= REQUIRED ACTION =
The whole listing needs to be written out exactly, except for any images.

[RAW DATA]

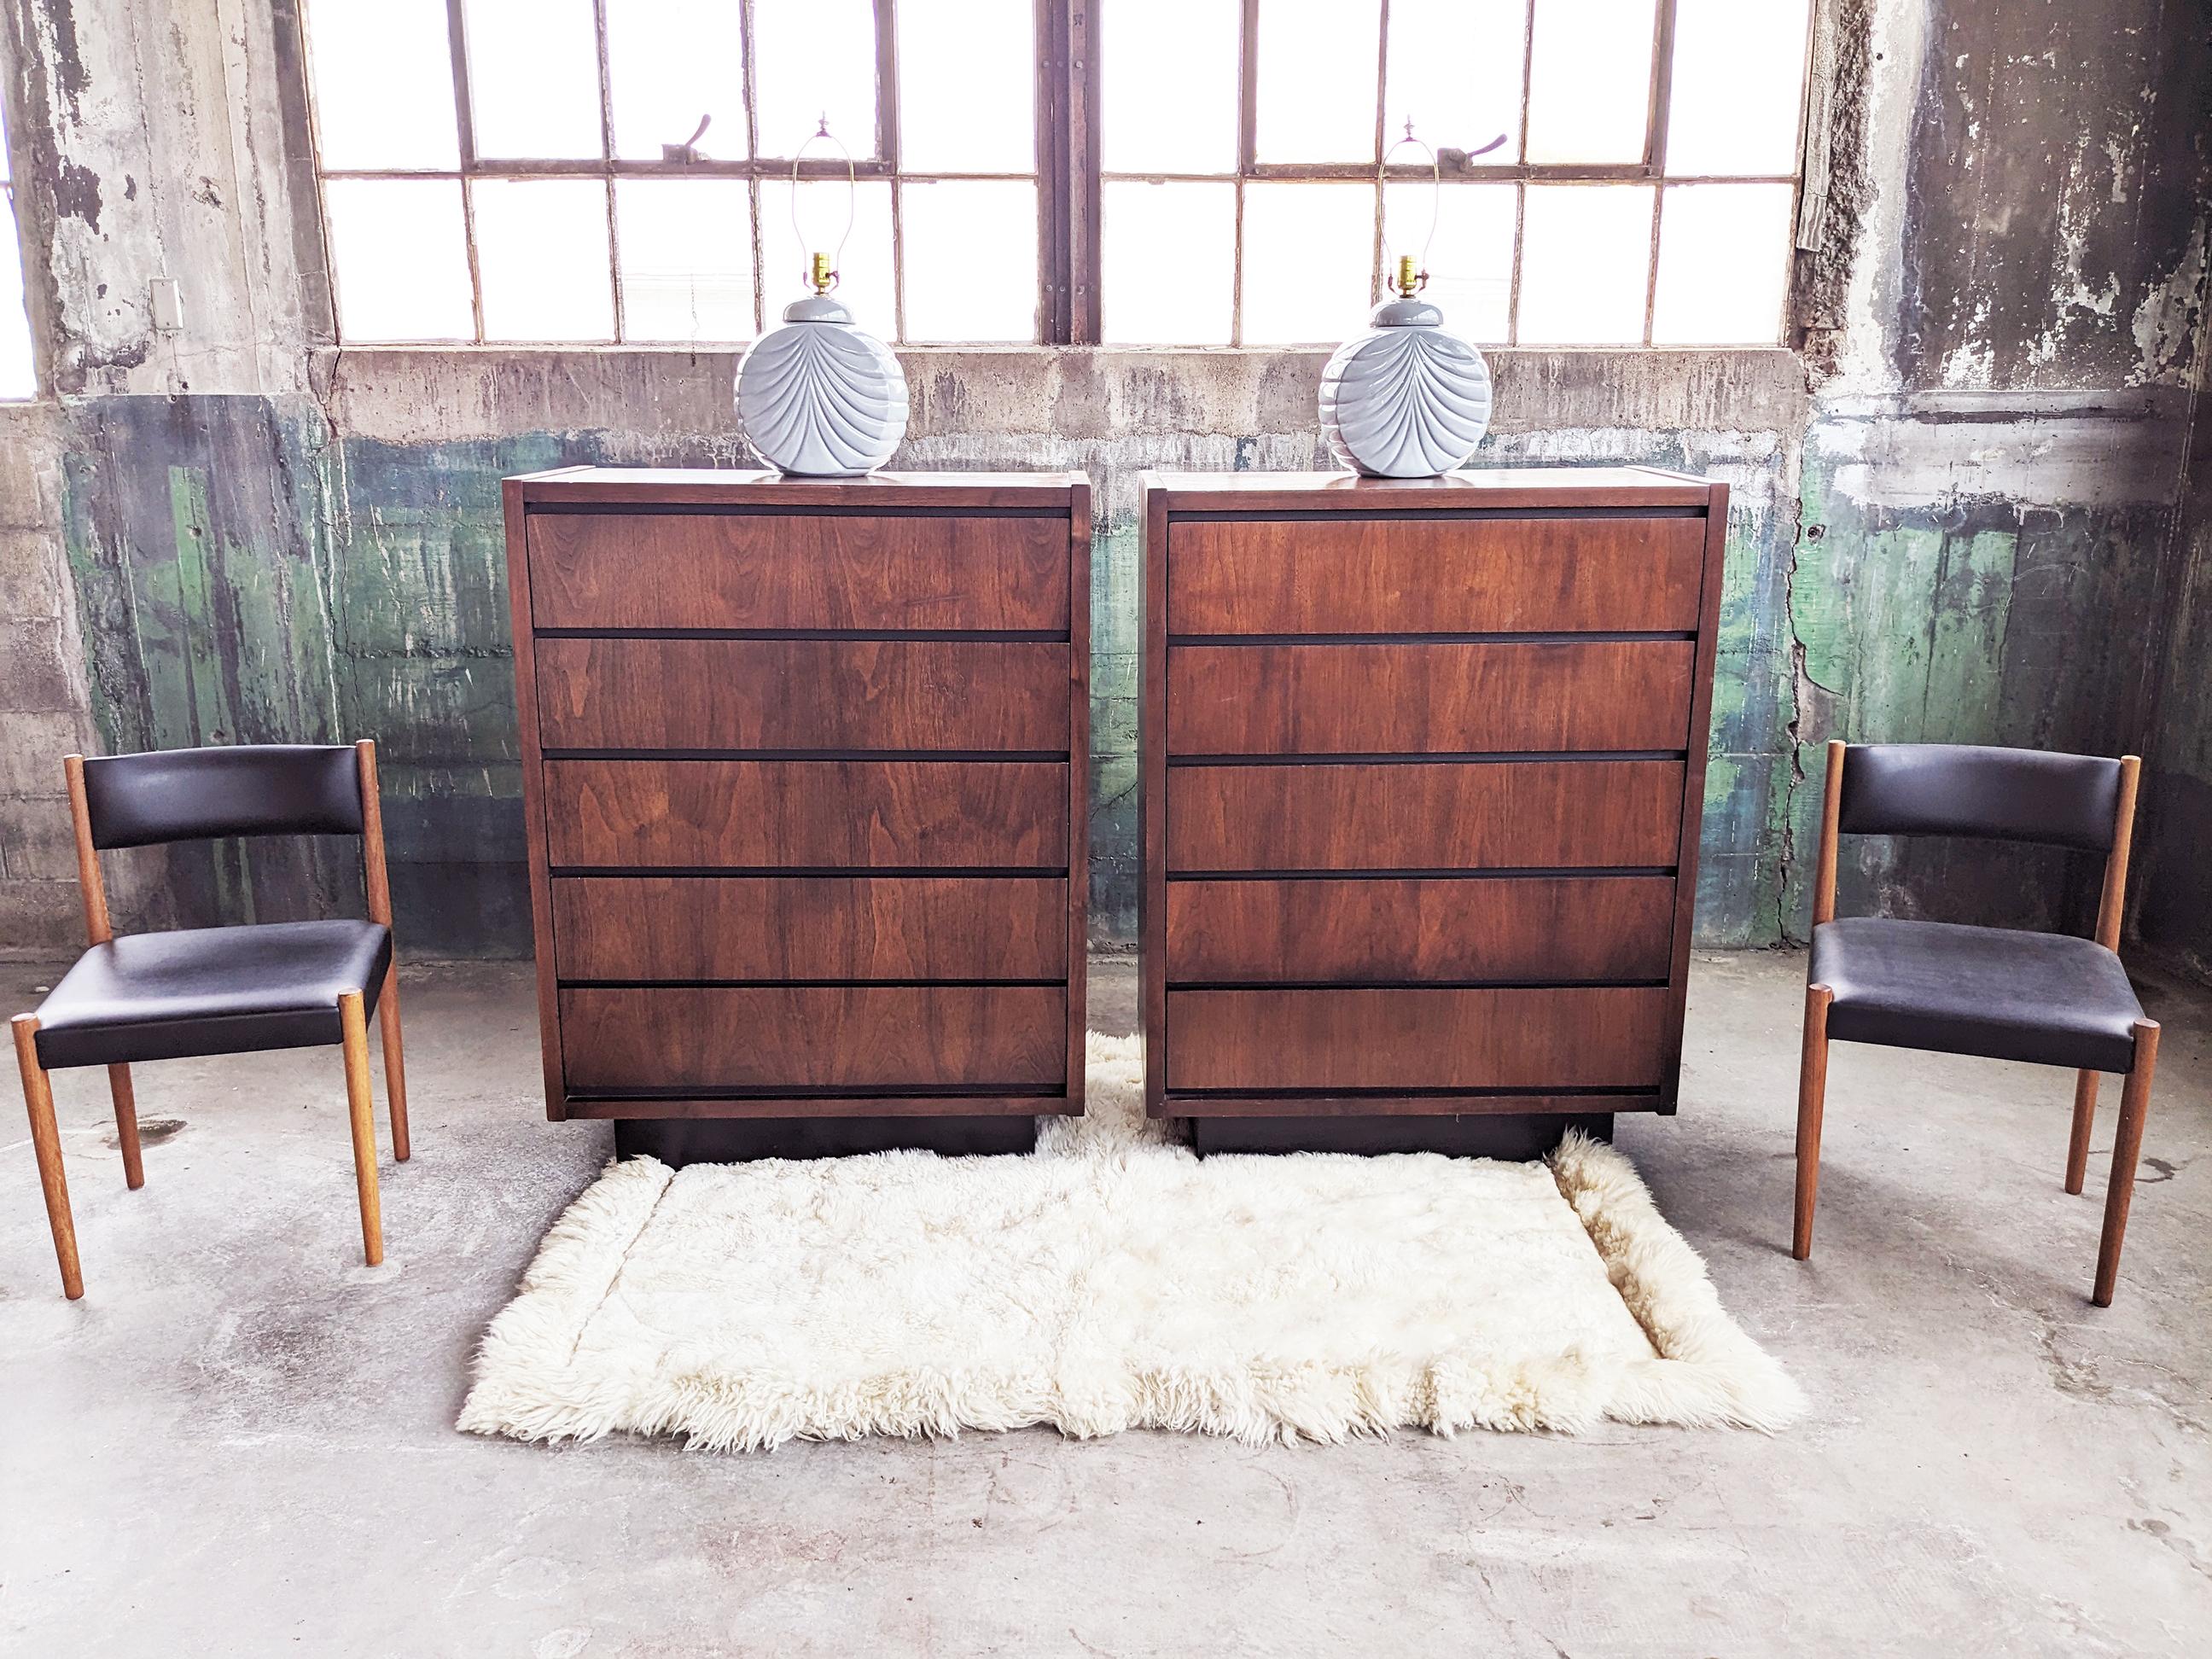 Incredible PAIR of two Mid Century, Brutalist, 1970s Dressers.  

Very nice looking and functional high quality Brutalist Lane dresser. The drawers catch on rollers, so they do not come out even when pulled hard. In very good condition
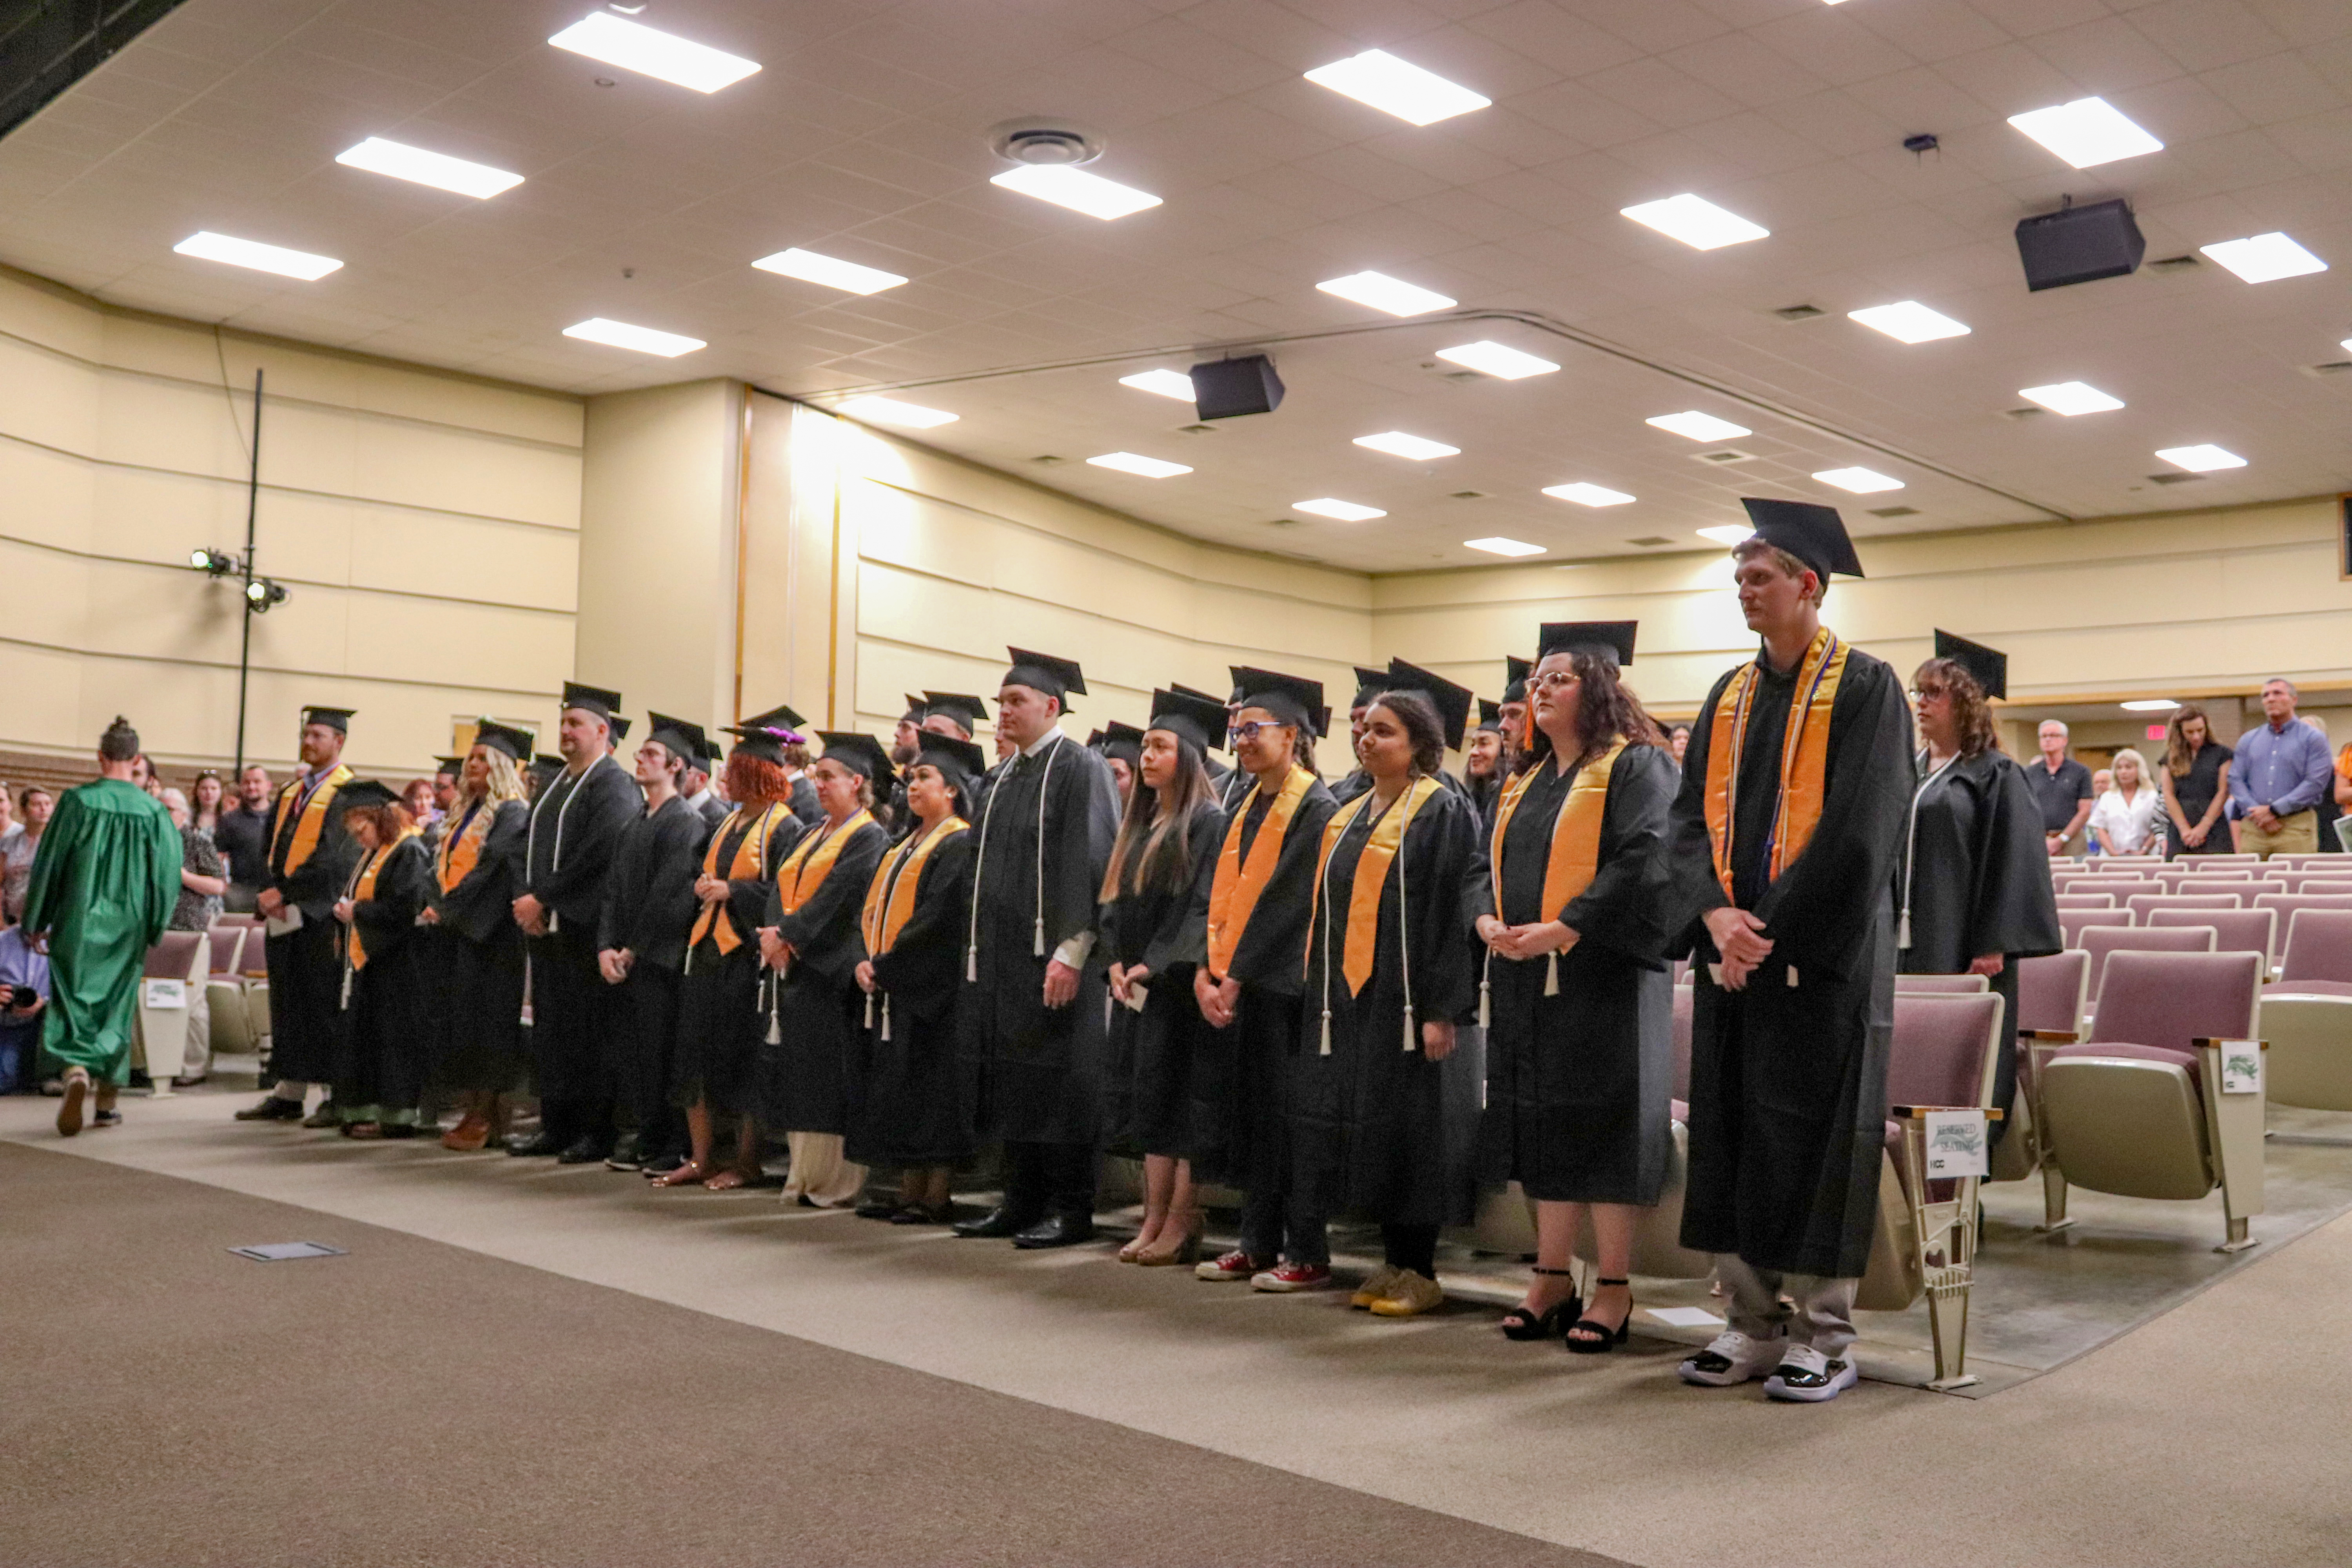 students at graduation standing with their cap and gowns on

[/RAW DATA]

= ANSWER AREA =
 Incredible PAIR of two Mid Century, Brutalist, 1970s Dressers.  

Very nice looking and functional high quality Brutalist Lane dresser. The drawers catch on rollers, so they do not come out even when pulled hard. In very good condition
 students at graduation standing with their cap and gowns on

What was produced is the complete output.